Deserts and limitations: lessons from prehistoric desert dwellers.

Author:Grossman, Richard

Living in the desert is challenging. We spent the week after Christmas in Baja, California, camping on the beach. Fortunately, our tents were comfortable and meals were cooked for us. But Pedro, a Baja native, gave us a glimpse into a very different past.

The afternoon was cool with sun shining through broken clouds and a rare rain in the offing. As we climbed up the steep, rock-strewn path we were careful to watch our step. Although vegetation is sparse, most of the plants wear spines or thorns for protection. A little stumble could result in a painful jab. Despite their armor, many desert plants are edible. Pedro assured us that the common prickly-pear cactus fruit tastes good, and even the pads are edible--after removing the spines.


We reached a cave that had been the winter home for a band of Pericu people, the extinct indigenous tribe of southern Baja. A small red ochre pictograph decorated the cave. We imagined a dozen people huddled in the chill admonishing their toddlers to stay away from the edge. A pile of shells lay below, showing that the Pericu enjoyed the ocean's bounty.

On top of the mesa we found their summer home. There was little to mark it except for another heap of shells and four round depressions in the rock. Grinding holes, Pedro commented. He then explained that there is a type of manna--the pitahaya fruit--that ripens in late summer. It grows on the organ pipe cactus (pitahaya dulce) that resembles a clump of spiny fingers pointing skyward. The size of a tennis ball, pitahaya fruit has the color and a bit of the flavor of watermelon.

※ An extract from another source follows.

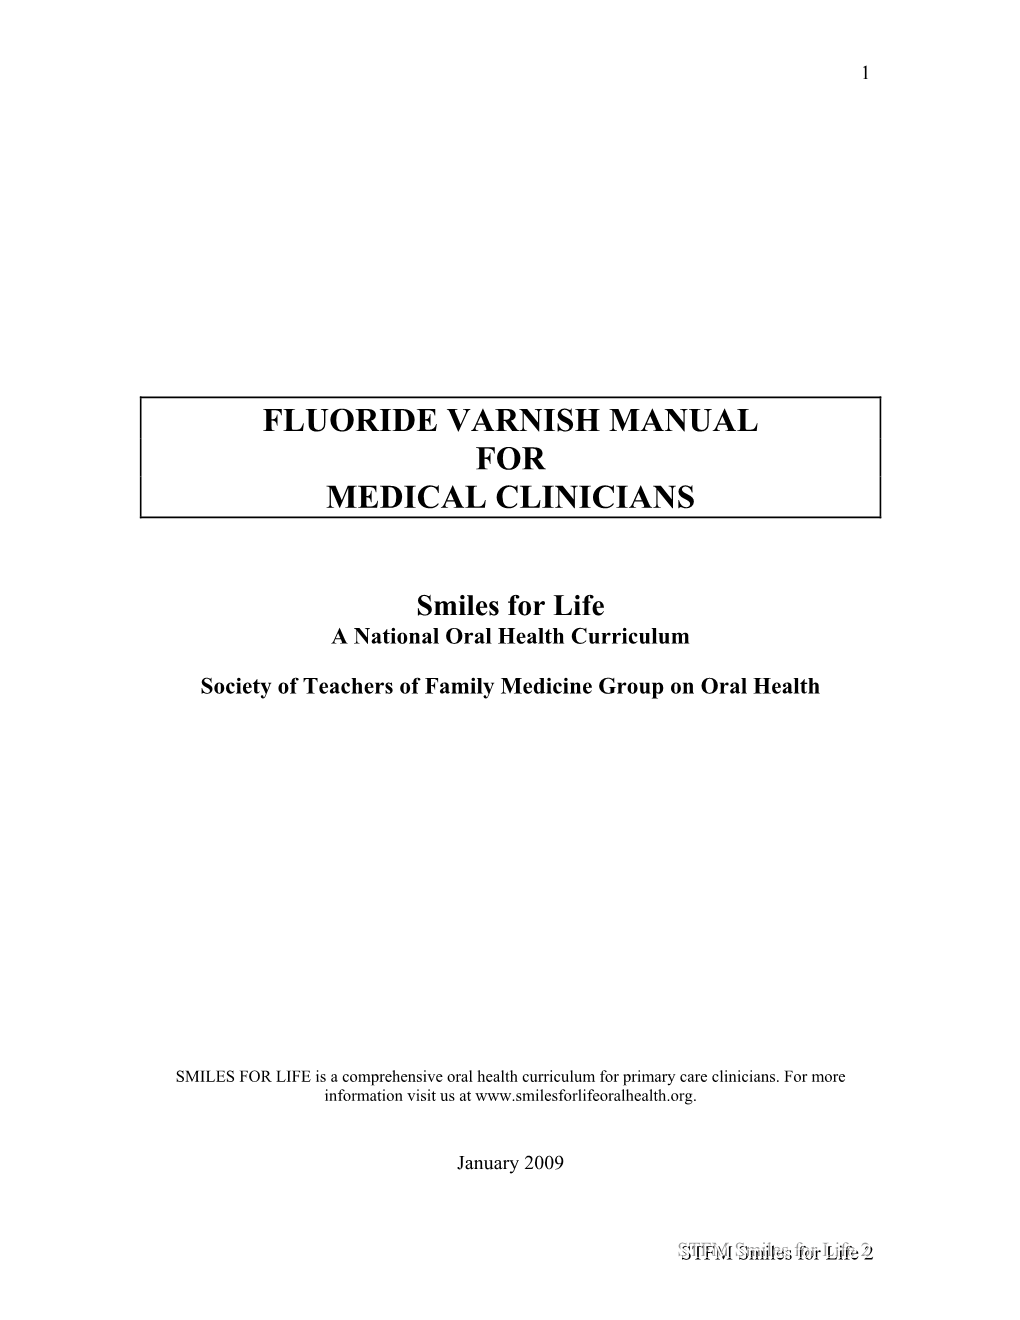 Fluoride Varnish Manual for Medical Clinicians

Although rich in energy, the tiny seeds pass through without being digested.

European missionaries recorded that the indigenous peoples were hungry except during the brief pitahaya season--perhaps wishful thinking on the Europeans' part. Lacking any means of preserving fruit, how could people prolong this short season of plenty? Baja natives came up with an unlikely solution.

The indigenous people developed a system to harvest the nutrition in pitahaya seeds that disgusted missionaries. While enjoying the abundance of the harvest, people collected their poop in special places. When it had dried, the seeds were separated, washed, and then pulverized in those circular rock depressions. After grinding they make an edible paste high in fat. Their "recycling" of calorie-rich pitahaya seeds illustrates how desperate they must have been to get enough nutrition.